◆ Given information ◆

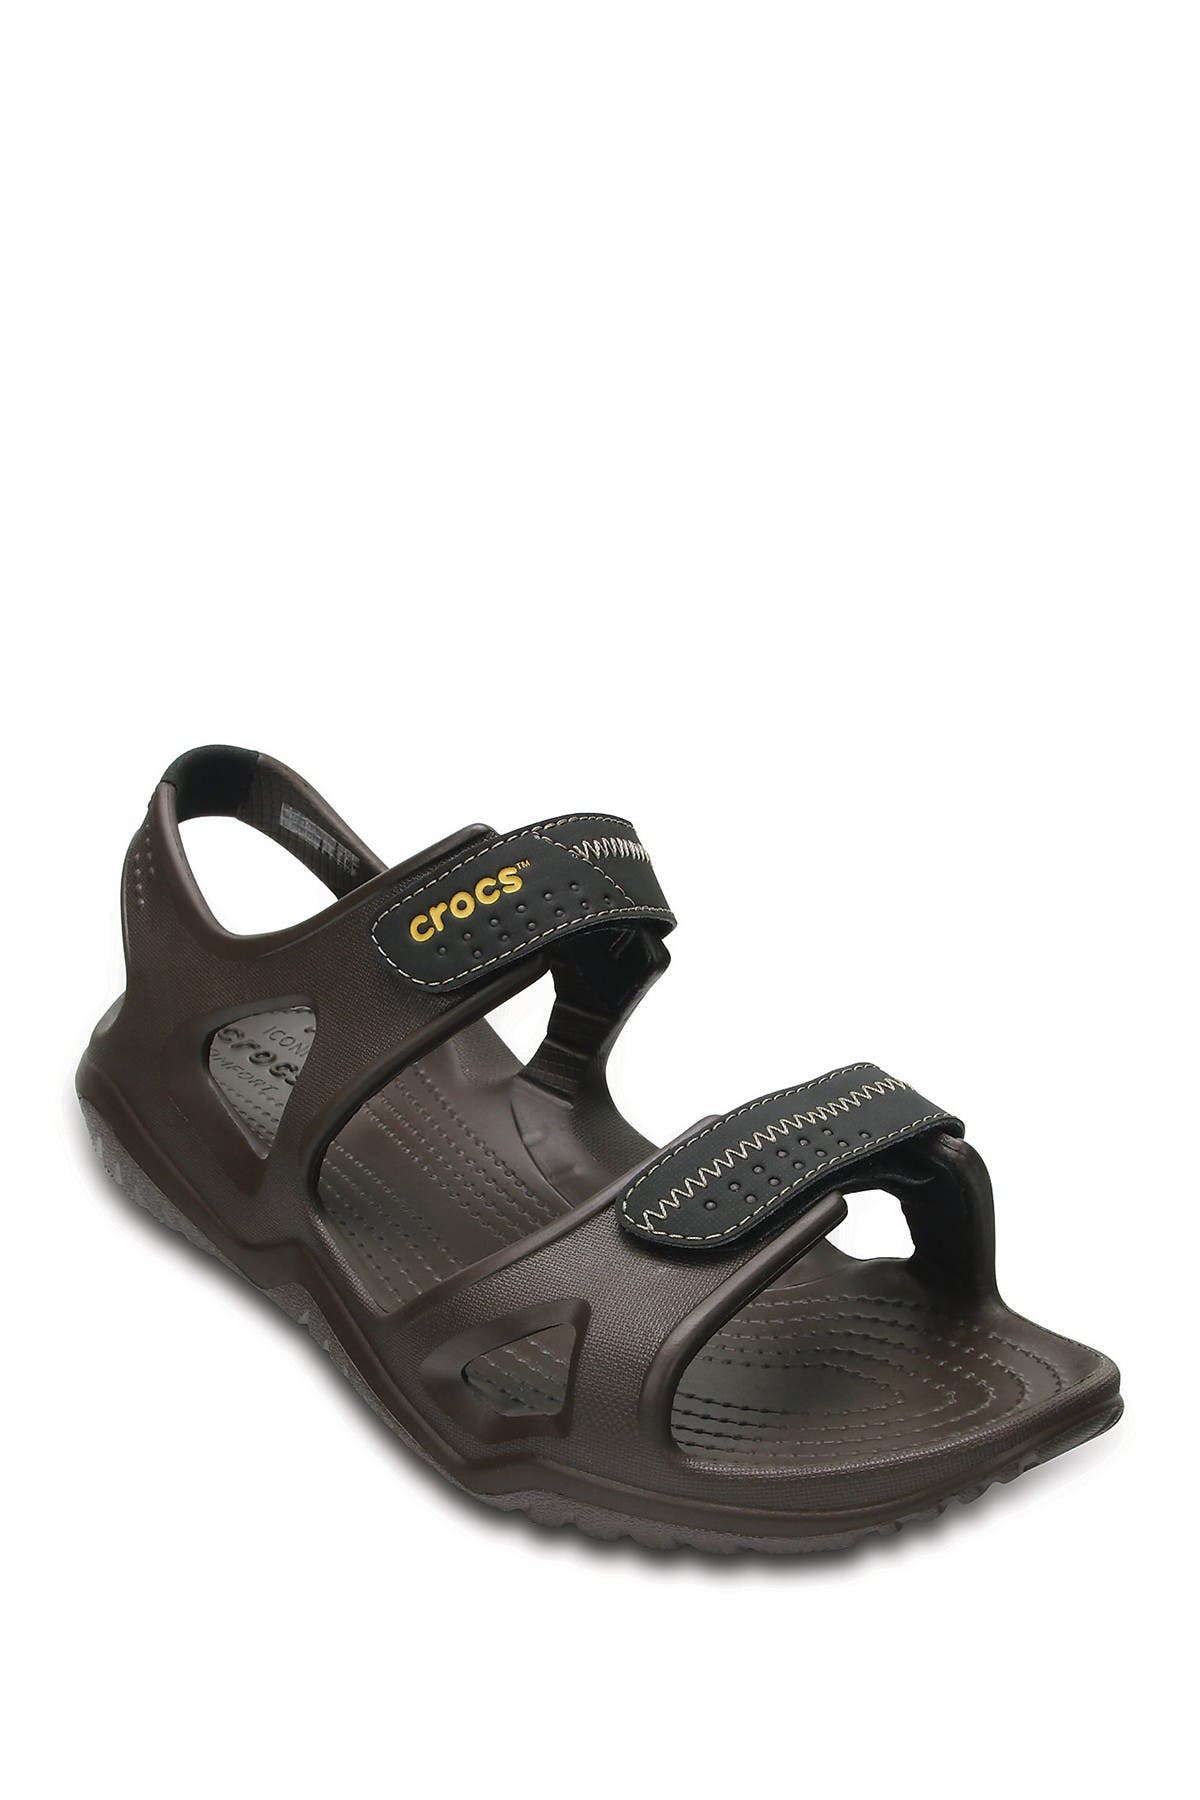 crocs swiftwater river sandals
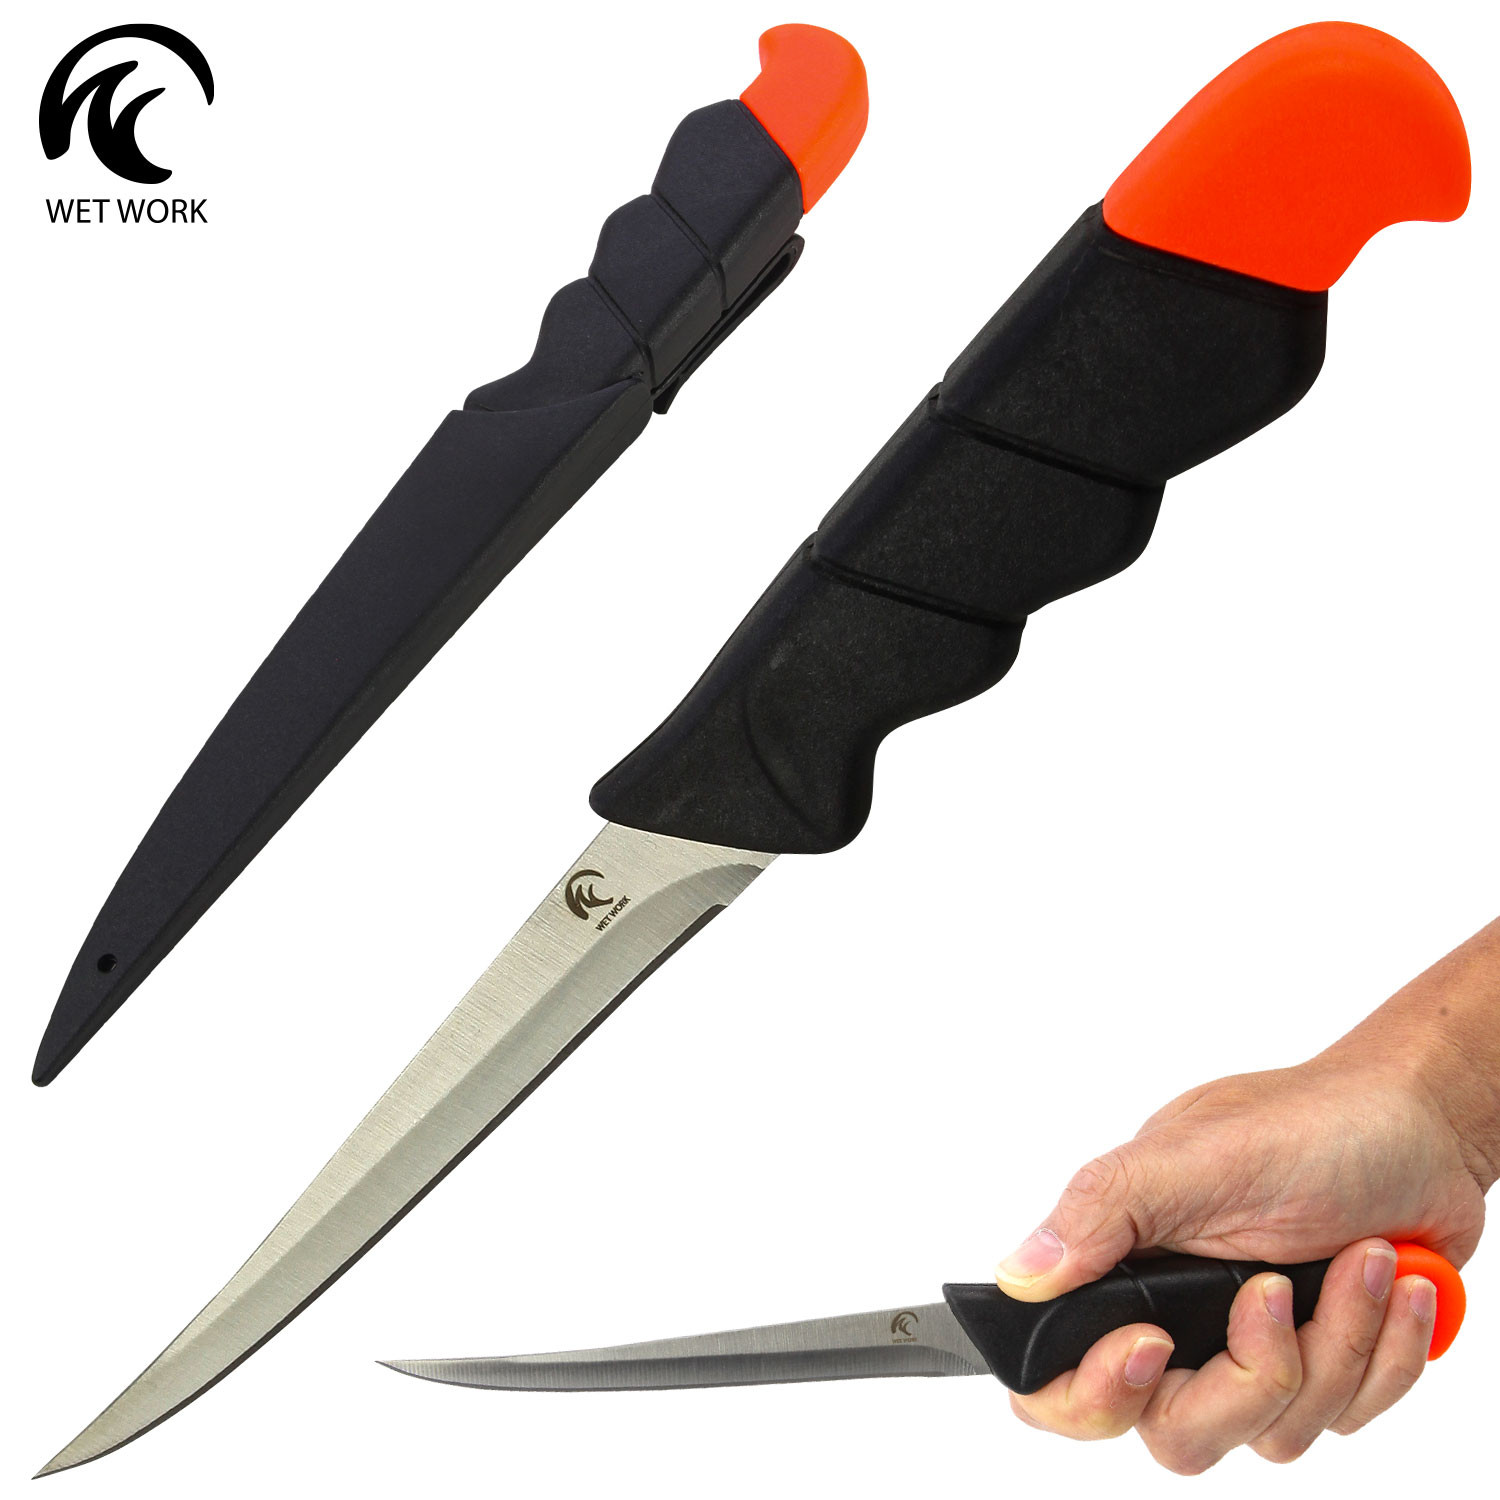 Wet Work Fillet Knife (5" Blade) w/Sheath - Black/Orange $9.99 + Free Shipping
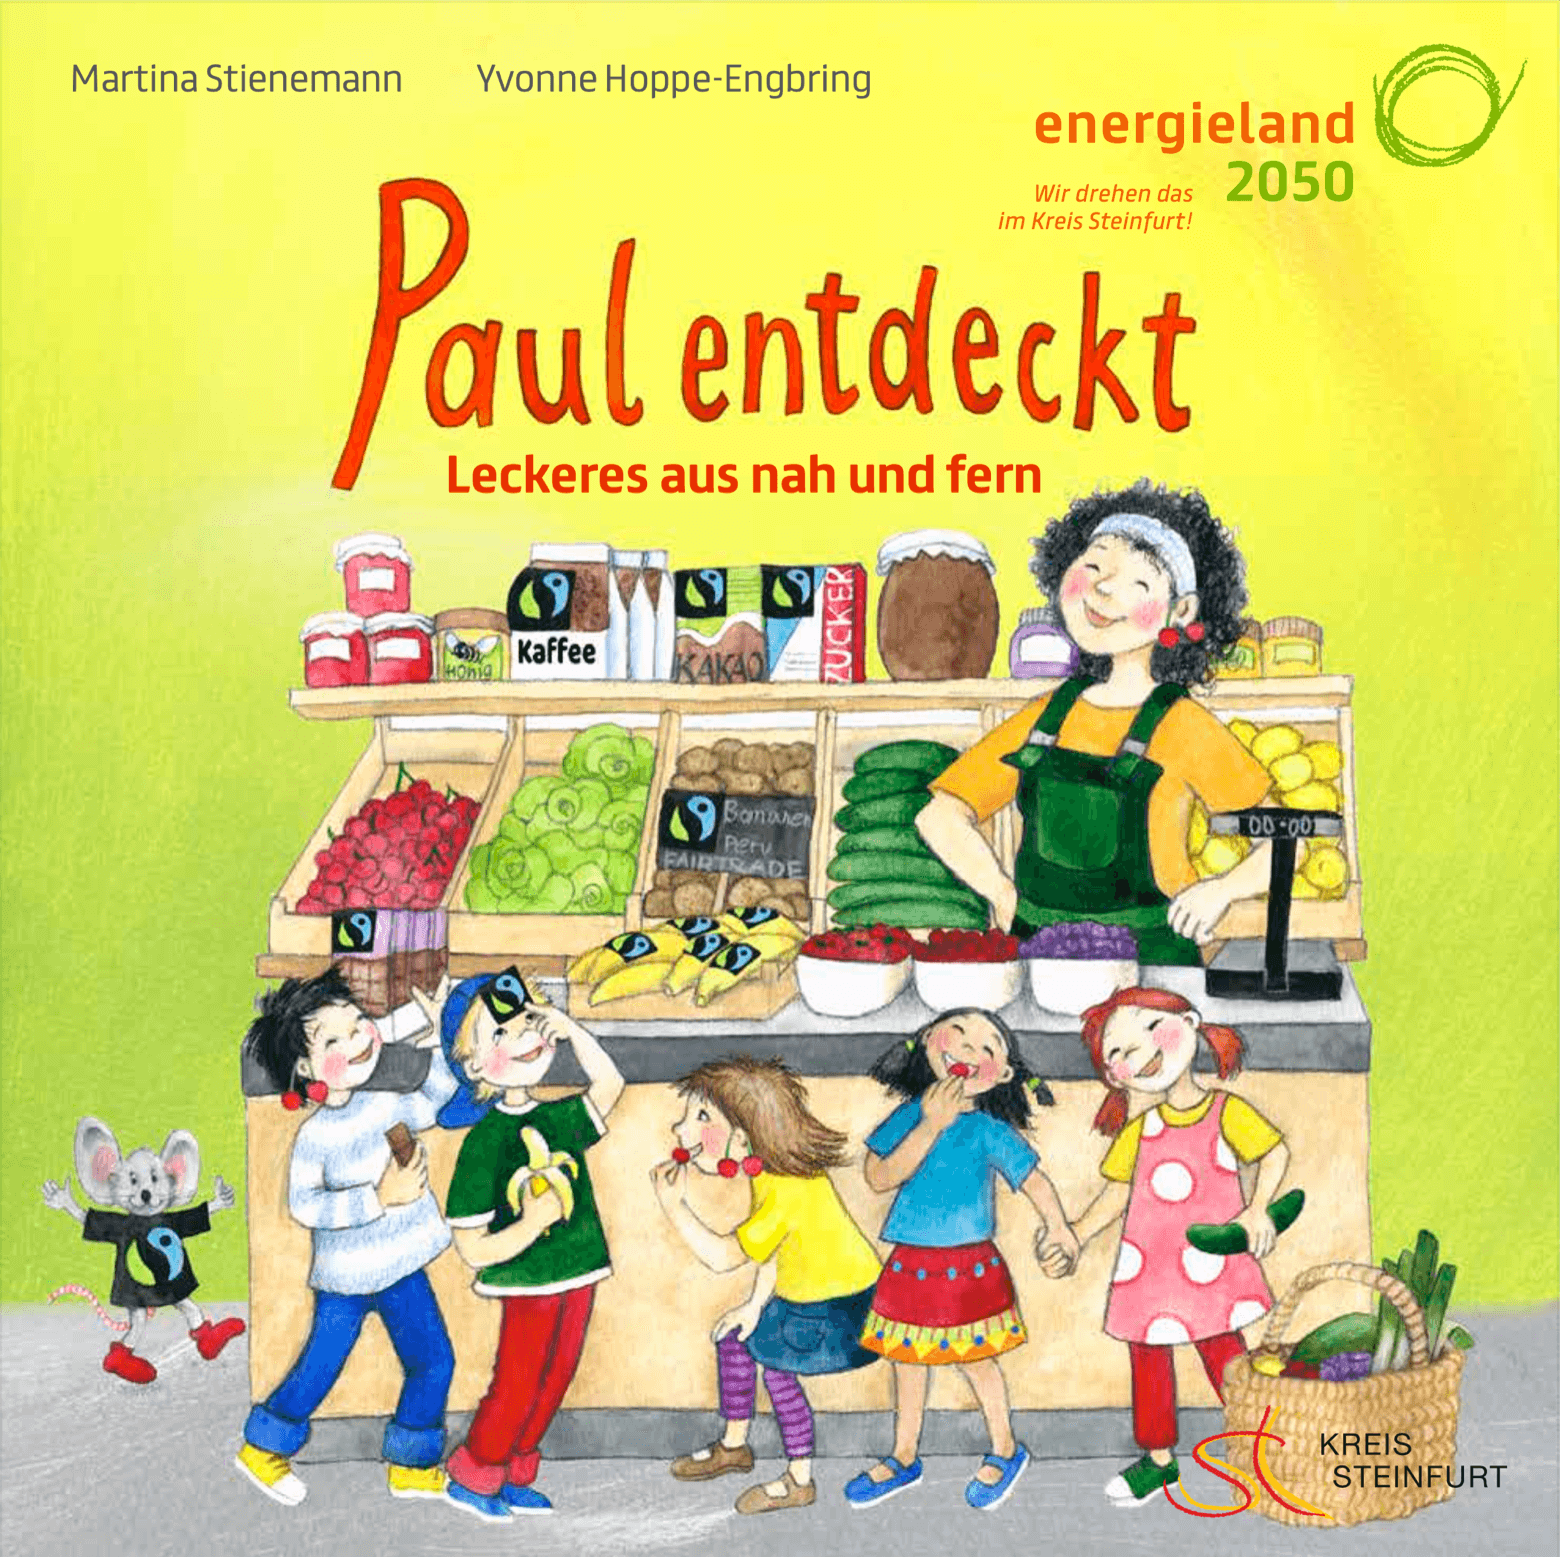 „Paul Marktland entdeckt“ Kinderbuch Tecklenburger |

◆ Exercise instructions ◆
What the answer must hold: all the data above, given again exactly, without pictures.

◆ Solution to this exercise ◆
 crocs swiftwater river sandals
 Wet Work Fillet Knife (5" Blade) w/Sheath - Black/Orange $9.99 + Free Shipping
 „Paul Marktland entdeckt“ Kinderbuch Tecklenburger |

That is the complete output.